An example, and maybe the most glaring one: the book’s depiction of a certain female editor-in-chief, who once helmed a magazine that “didn’t survive very long in the digital age,” who liked to keep her staff “off balance by privately relaying her conflicting instructions.” A longtime magazine writer (for GQ, Time, and others), Greenfeld insists that this is in fact an amalgamation of every editor he has worked for. But the sharp eyes at WWD have speculated that the character is a ringer for Joanne Lipman, the former editor of the deceased Portfolio, where, of course, Greenfeld was once a correspondent. (As another former Portfolio staffer told WWD, the excerpt “describes Joanne to a T.”)

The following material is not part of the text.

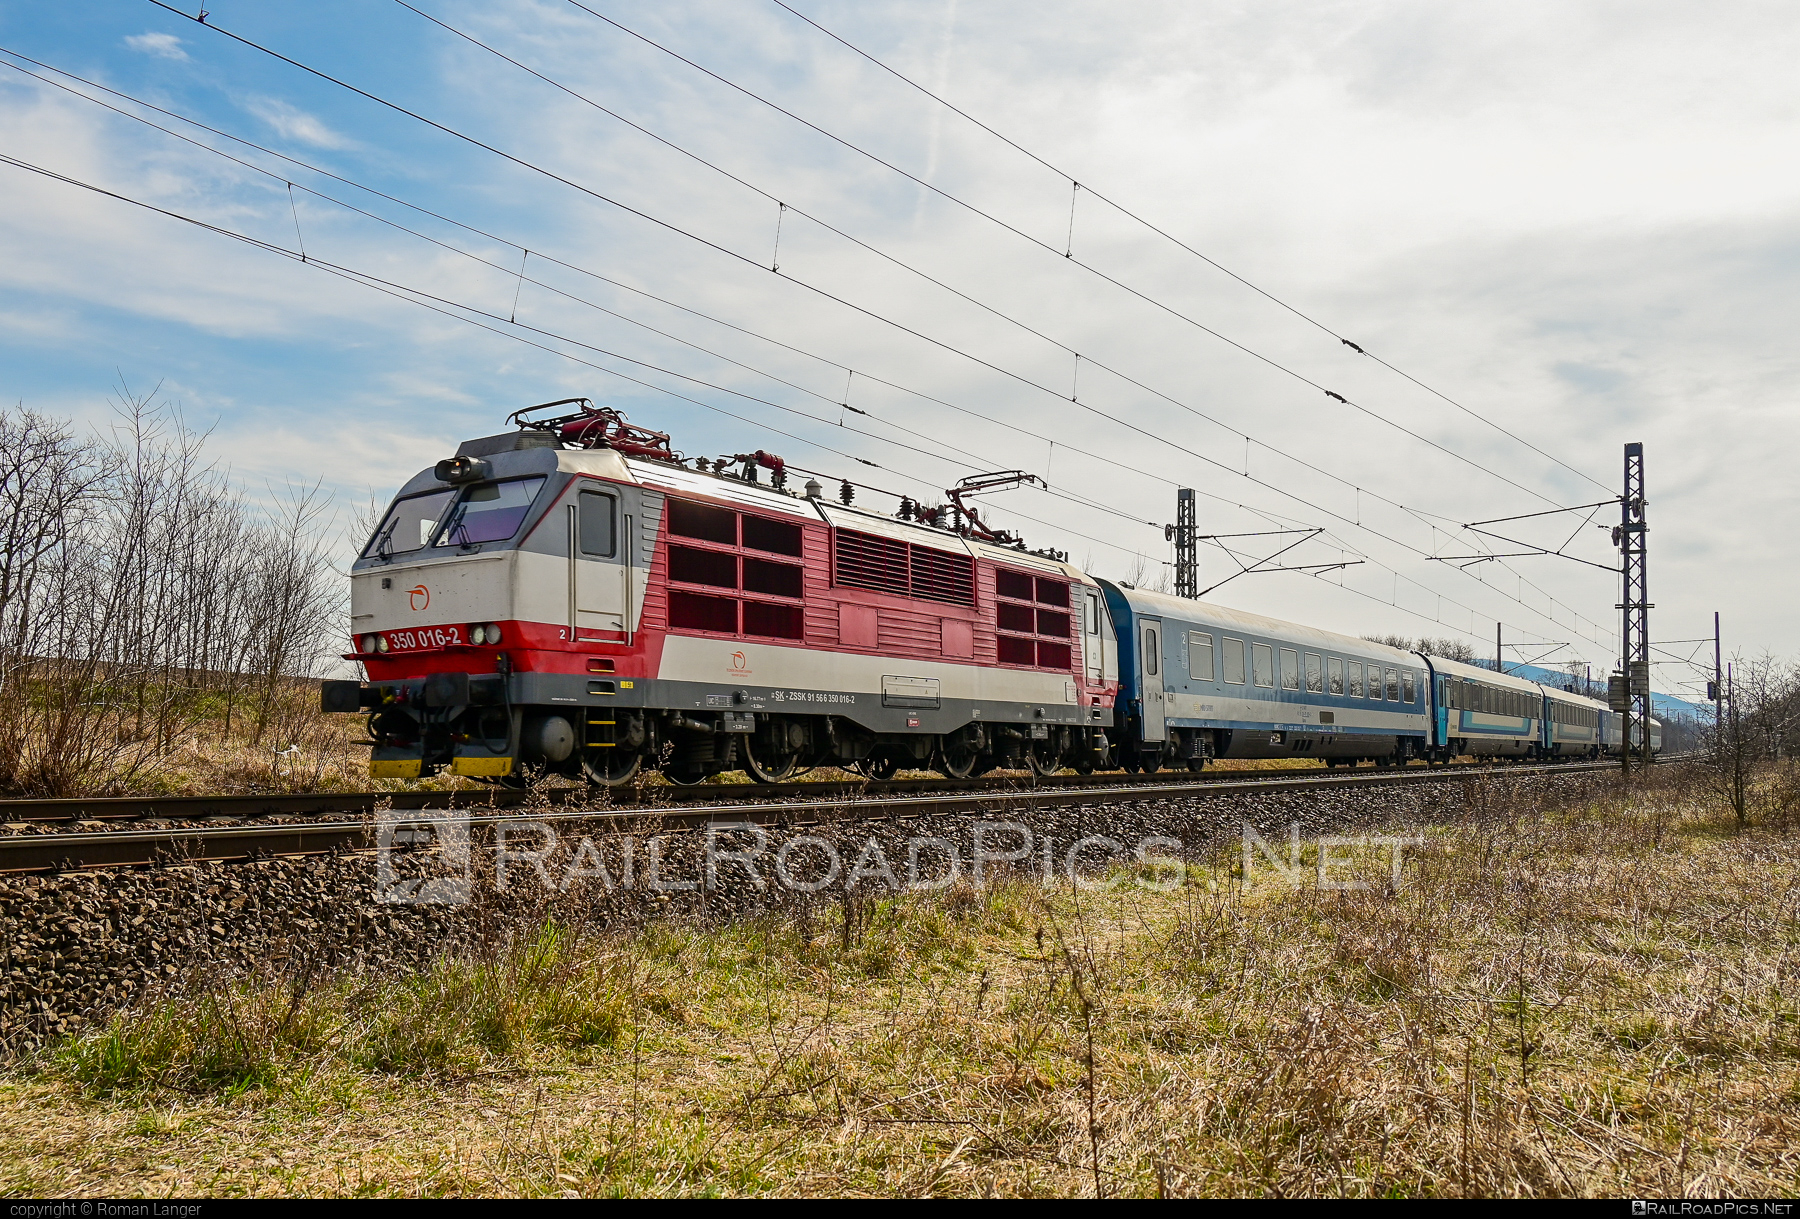 Škoda 55E - 350 016-2 operated by Železničná Spoločnost' Slovensko, a.s. #ZeleznicnaSpolocnostSlovensko #bathory #gorila #locomotive350 #skoda #skoda55e #zssk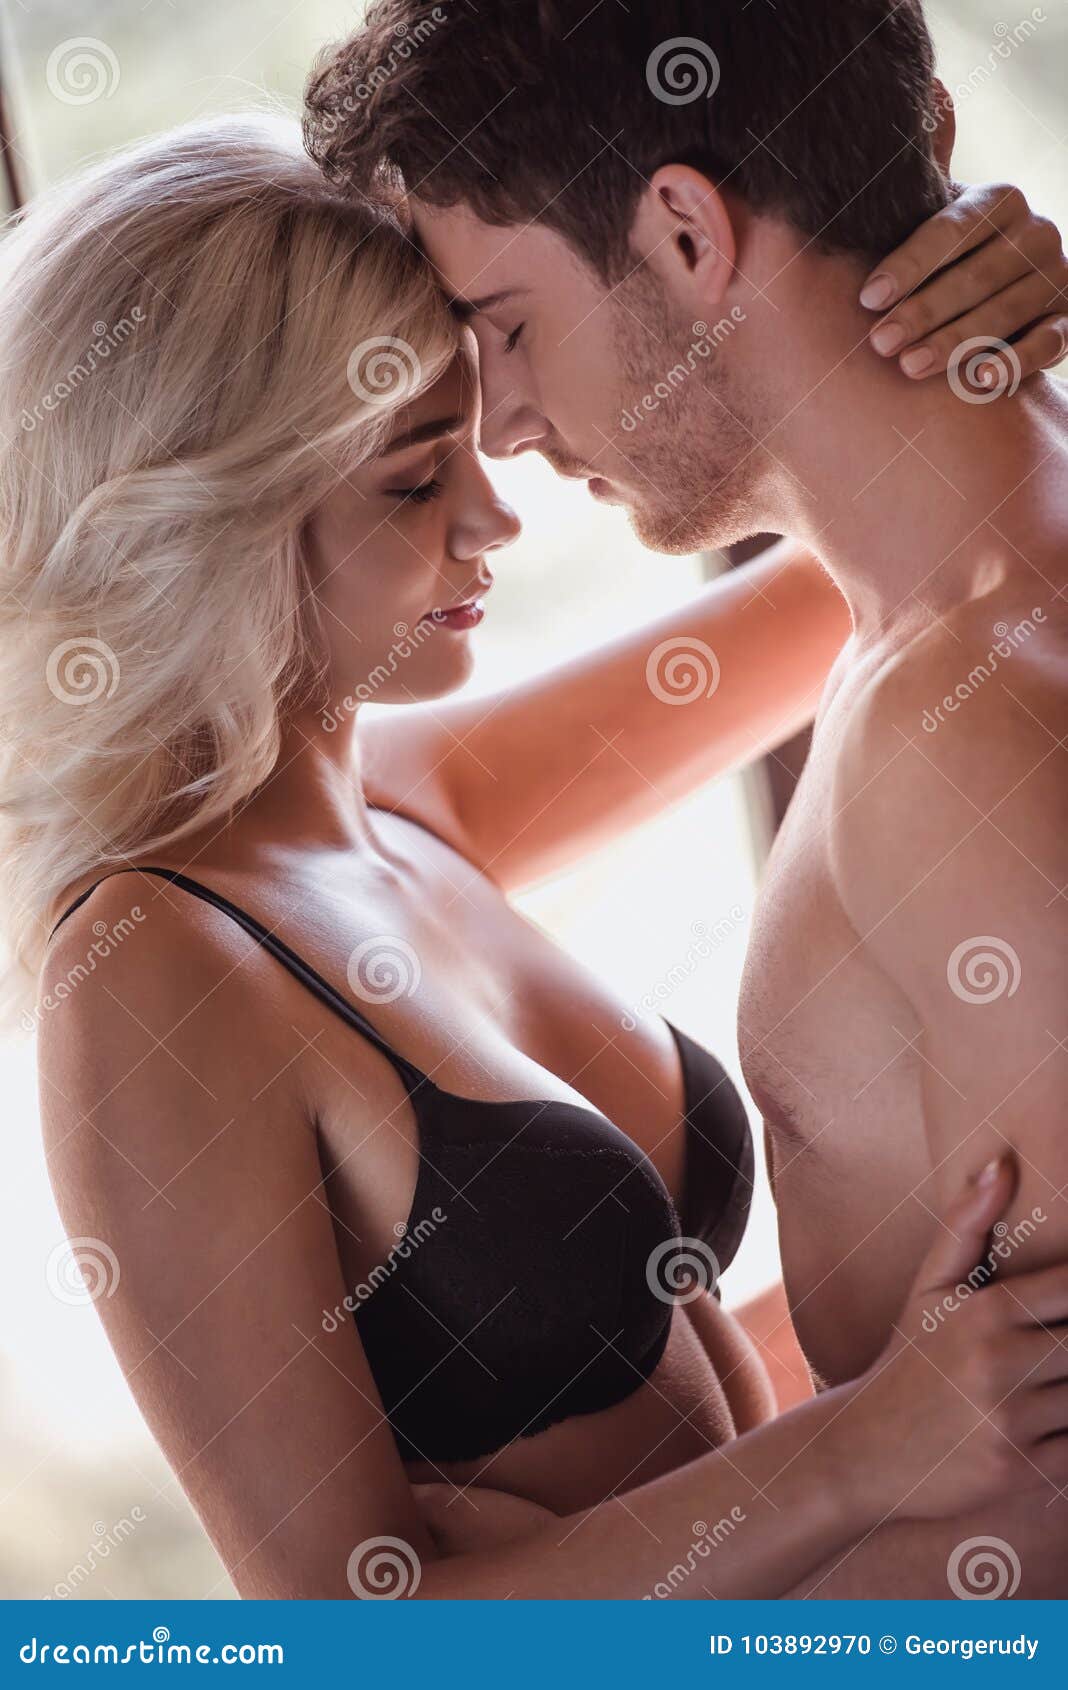 Couple having sex stock photo pic

Another of the novel’s singular figures is a rampaging European chef who’s colonized TriBeCa’s dining landscape with a pair of restaurants (one French, one German), a more casual eatery, and “a bakery on a prominent intersection.” In the book, said chef is Italian, but to me he sounds remarkably like the French chef David Bouley, who also happens to operate two restaurants (one French, one Japanese) and, up until 2009, a bakery on the corner of West Broadway and Duane Street. It’s hard to ignore those parallels. Of course, I also hope that—beyond his ambition and virtuosity at the range—the playboy and absentee father of the book isn’t otherwise modeled on Bouley.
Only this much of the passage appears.